Ekonomi dan Kontestasi Politik

advertisement
PolMark Indonesia-Political Consulting
Ekonomi dan Kontestasi Politik
3 Januari 2014 - UJUNG tahun 2013 telah kita lalui dan seperti biasa refleksi diperlukan untuk mengambil hikmah di
masa depan. Di bidang ekonomi, banyak riak dan peristiwa yang terjadi.
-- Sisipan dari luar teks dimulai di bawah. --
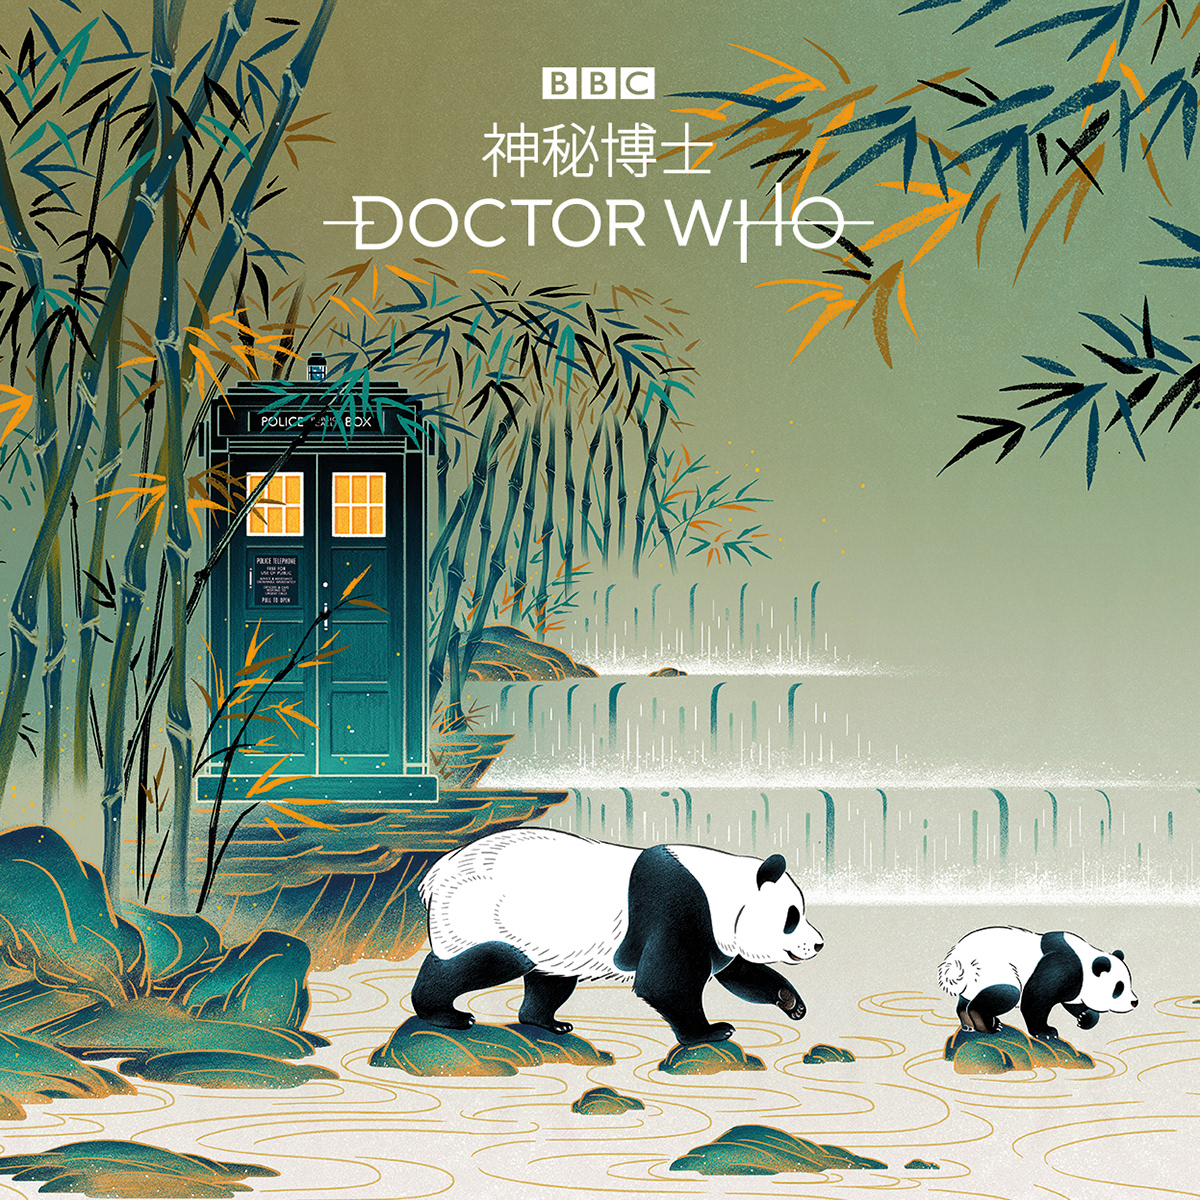 ILLUSTRATION  Drawing  Advertising  Doctor Who tardis art Digital Art  asian style poster Poster Design

Jika diperas, sepanjang 2013 sekurangnya terdapat enam masalah ekonomi yang menyergap negara ini: (i) manajemen
pasokan dan stabilitas harga pangan masih jauh dari laik sehingga mendorong inflasi dan menggerogoti kesejahteraan
rakyat; (ii) sendi mikroekonomi sangat lemah sehingga kesanggupan untuk berkompetisi di pasar internasional amat
rapuh, yang berakibat kepada defisit neraca perdagangan; (iii) pertumbuhan ekonomi makin kedap kepada kelompok
miskin sehingga ketimpangan pendapatan kian menganga; (iv) sumber daya dan kebijakan fiskal tak mampu secara
efektif memengaruhi jalannya pembangunan, terutama saat krisis ekonomi terjadi; (v) perekonomian terlalu terbuka
sehingga mudah disergap krisis yang datang dari luar negeri; dan (vi) watak kebijakan moneter hanya melayani
kepentingan sendiri sehingga berpotensi melumpuhkan sendi ekonomi lainnya.
Pendalaman masalah
Semua yang mengikuti perkembangan ekonomi nasional dalam 15 tahun terakhir tentu tidak asing dengan masalahmasalah di atas karena mirip momen ritual yang terjadi secara rutin dan berulang. Artinya, persoalan itu bukan khas
pada 2013 saja, tetapi sebagian besar merupakan kado yang diterima rakyat setiap tahun. Perbedaan hanya terjadi
pada intensitas dan pendalaman masalah. Intensitas di sini dimaknai seberapa sering siklus problem itu menghampiri
perekonomian nasional.
Jika dulu krisis datang secara berkala, katakanlah 15 atau 7 tahun sekali, sekarang hampir tanpa jeda. Sementara itu,
pendalaman masalah dimengerti seberapa jauh soal yang muncul tersebut memiliki potensi melantakkan perekonomian
nasional (korporasi ataupun rumah tangga). Anomali yang bisa disebut: ketika perekonomian dipacu secara cepat
sehingga menghasilkan pertumbuhan yang relatif tinggi, ternyata intensitas krisis kemudian kerap terjadi dan makin
dalam dampaknya.
Tiga masalah pertama yang disebut di atas, yaitu stabilitas harga pangan, sendi mikroekonomi, dan kebijakan tak
sensitif terhadap kaum miskin, menarik dikaji dalam perspektif ini. Modernisasi dituntut untuk memperkuat sektor basis
sehingga nilai tambah yang dihasilkan dari sektor industri atau jasa berpeluang memenangi persaingan di pasar
internasional.
Indonesia memilih jalur berbeda dengan memisahkan akselerasi sektor industri dan jasa tanpa lapis sektor primer.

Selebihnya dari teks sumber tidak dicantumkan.